In the United States, students in states that have adopted the Common Core State Standards are required to read The Declaration of Independence, the preamble to The Constitution of the United States, the Bill of Rights, and President Abraham Lincoln’s Second Inaugural Address [that should take them the entire afternoon—WHF]. Readings suggested for 11th and 12th grade include As I Lay Dying, by William Faulkner; The Tipping Point, by Malcolm Gladwell; and “A Raisin in the Sun,” by Lorraine Hansberry.

In Ontario, Canada, J.D. Salinger’s The Catcher in the Rye is on the list of approved readings for grade 11 English classes.

New South Wales, Australia, requires 9th graders to read “The Lady of Shalott,” by Alfred, Lord Tennyson, a poem based on Arthurian legend, and at least one work by William Shakespeare [one of the Sonnets, perhaps?—WHF]

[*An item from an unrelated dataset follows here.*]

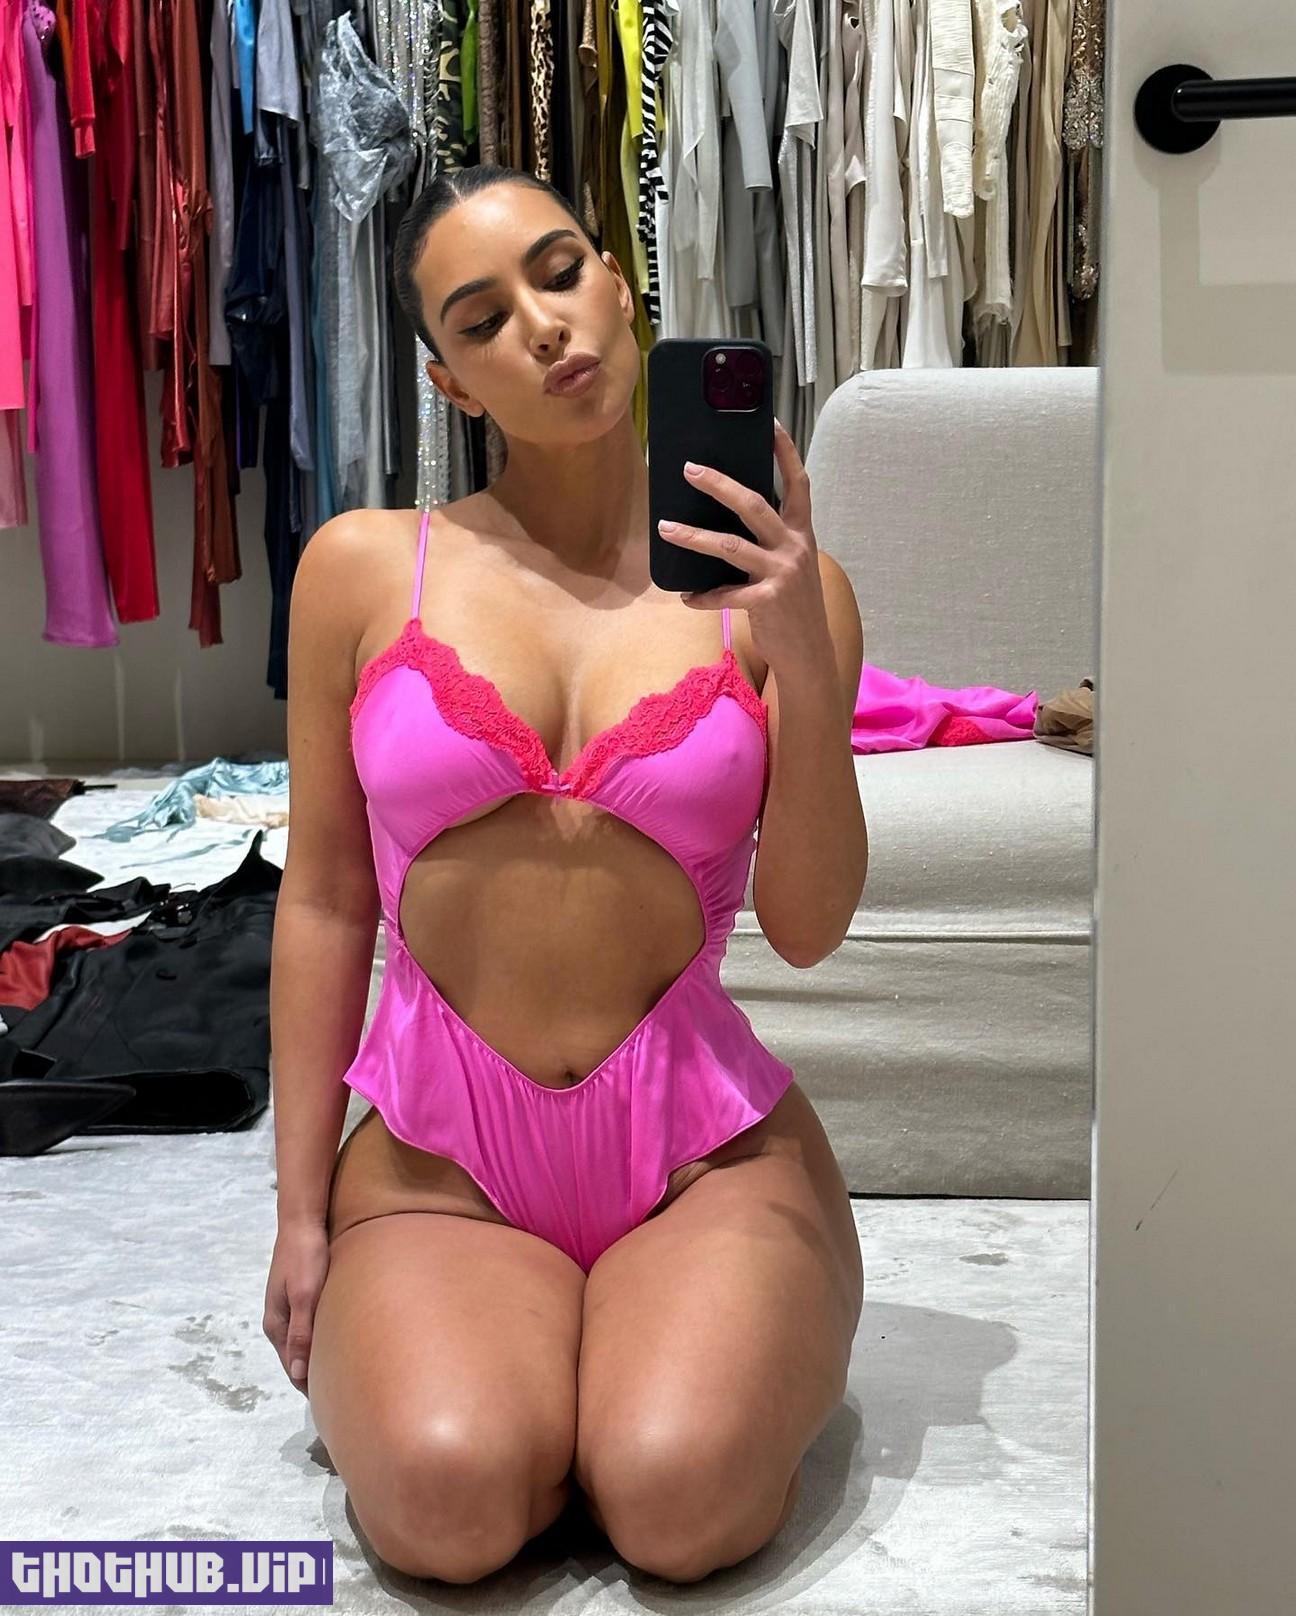 Kim Kardashian Sexy In Pink Lingerie 3 Photos

In Hong Kong, students taking the English-literature section of a required secondary school exam must pick from an eclectic basket of selections, from Shakespeare’s Othello and short stories by James Joyce and Edith Wharton to the iconic 1974 Hollywood film “Chinatown” and poems by Sylvia Plath and Langston Hughes.

In England, required readings for the national English-literature exam taken by many 16-year-olds include Of Mice and Men, by John Steinbeck; To Kill A Mockingbird, by Harper Lee; and Lord of the Flies by William Golding.”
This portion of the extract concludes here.